Eisenhower and Crimes of the Holocaust CSPAN Video

June 12, 2011 at 6:07 pm Leave a comment

 Dear Friends,

This lecture given at the Eisenhower Presidential Library is revealing in the context of the all important role General Eisenhower played in documenting the atrocities of the Holocaust.

We think you will find it remarkable and memorable.

All the best, 

Harriet and Bill

Below is a description of the lecture and Law Professor Reicher’s biographical information.  
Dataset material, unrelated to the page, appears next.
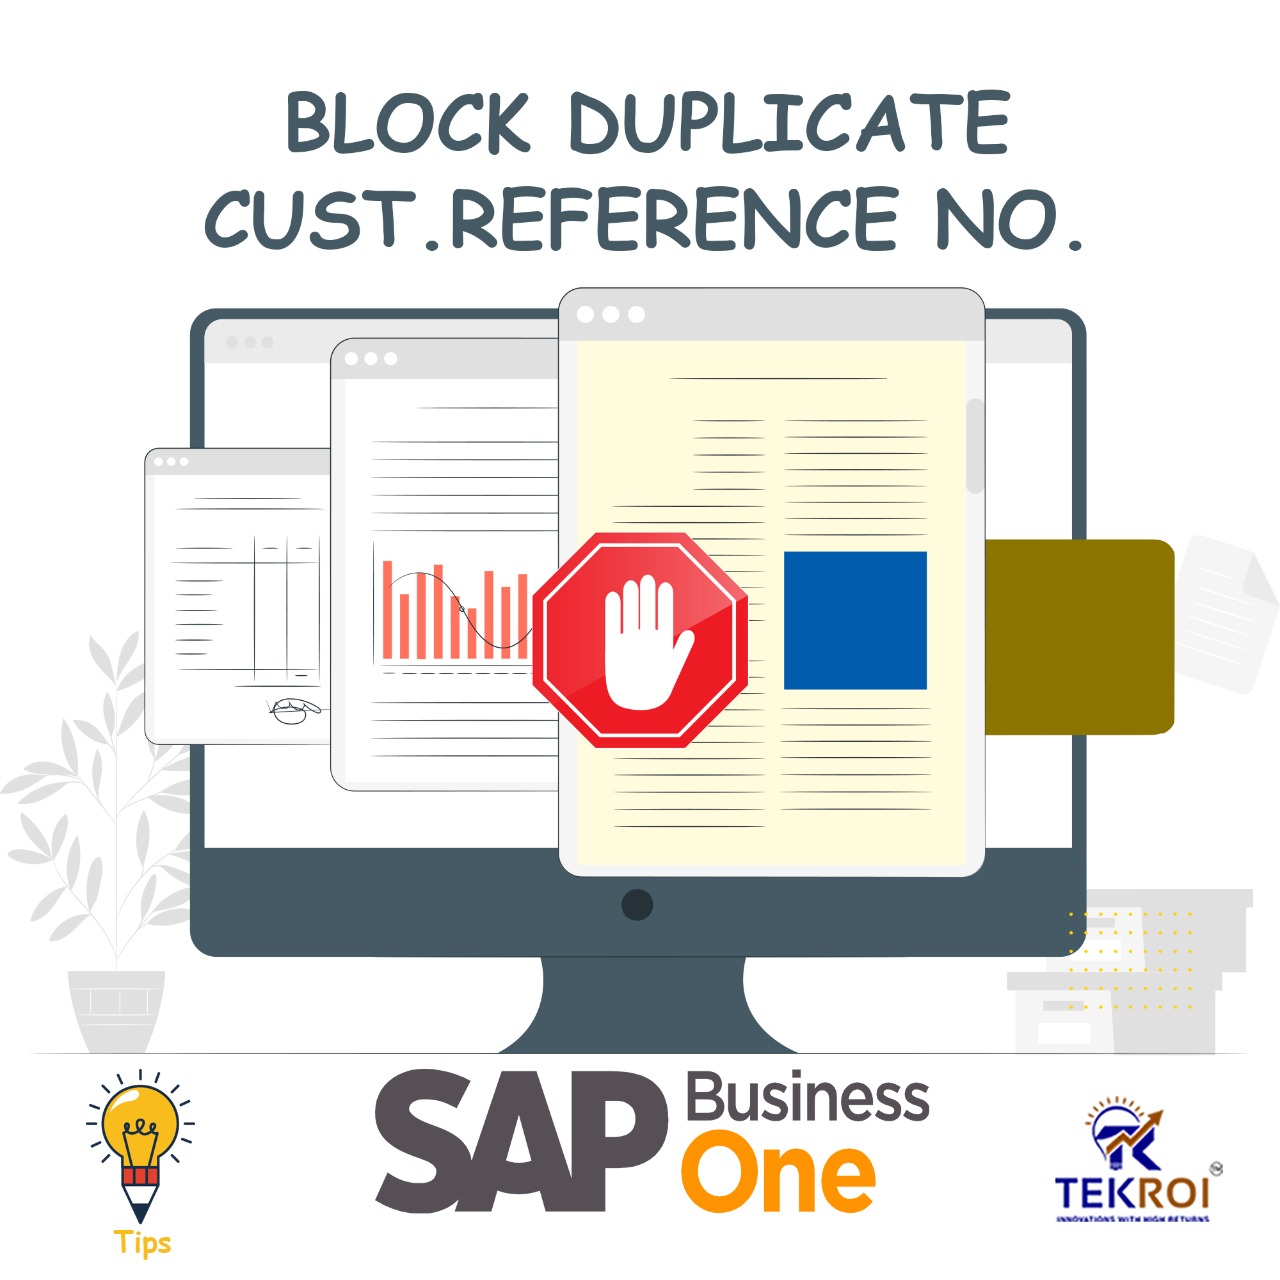 tekroi sap business one Block the Duplicate Customer Reference No.

CLICK HERE to watch the video.

Professor Harry Reicher talked about an episode which occurred in the immediate aftermath of the Holocaust. While liberating concentration camps and witnessing sights that “beggar description,” General Eisenhower ensured the horrific scenes were captured for posterity in graphic photographs and film as he grasped the impact which visual evidence was to have in the Nuremberg Trials, and foresaw the era of Holocaust denial. “Eisenhower and the Writing of Holocaust History” was the final program in the seven-month series “Eisenhower and the Righteous Cause: The Liberation of Europe.” It was held in the Visitors Center Auditorium of the Eisenhower Presidential Library and Museum.
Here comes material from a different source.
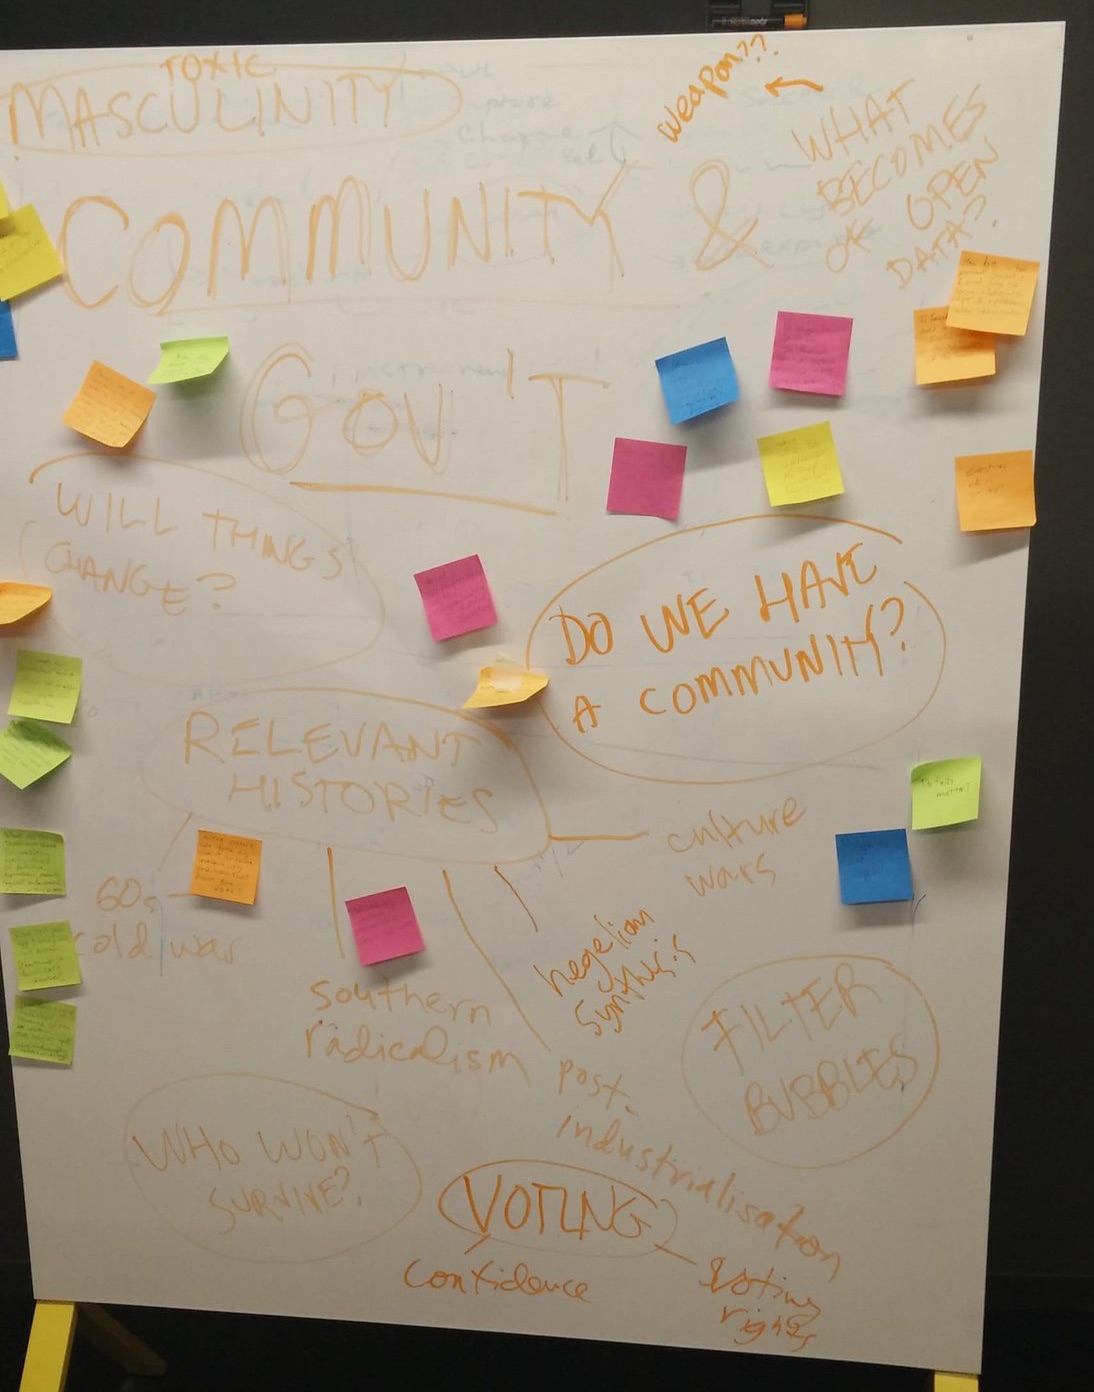 Question 1: How are you feeling about community and government right now?

Born in Prague and raised in Australia, Harry Reicher is a graduate of Monash University, in Melbourne, with graduate law degrees from the University of Melbourne and Harvard Law School. From 1995-2004, he was Director of International Affairs and Representative to the United Nations of Agudath Israel World Organization, in which capacity he practiced international law and diplomacy in the field of human rights, with particular emphasis on freedom of religion. In addition, he was heavily involved in Holocaust-era restitution, reparations and compensation, and the plethora of litigation arising therefrom. As a Barrister at Law, he has argued cases before a range of courts and tribunals, including the High Court of Australia, and the courts of England, up to the House of Lords (and also in the United States). These have resulted in numerous precedent-setting judgments in the areas of international law (environmental law and human rights), taxation and corporate law. As an academic, he has taught a range of international law and taxation courses at law schools in Australia and the US. He has taught at Penn Law School since 1995, and has pioneered what is effectively a new academic discipline, combining Holocaust studies and law. In 2004, President Bush appointed him to the United States Holocaust Memorial Council. He has published in the Columbia Journal of Transnational Law and is the editor of Australian International Law: Cases and Materials, the first-ever indigenous Australian Casebook on international law. His book, “Holocaust Law: Materials and Commentary”, will shortly be ready for publication.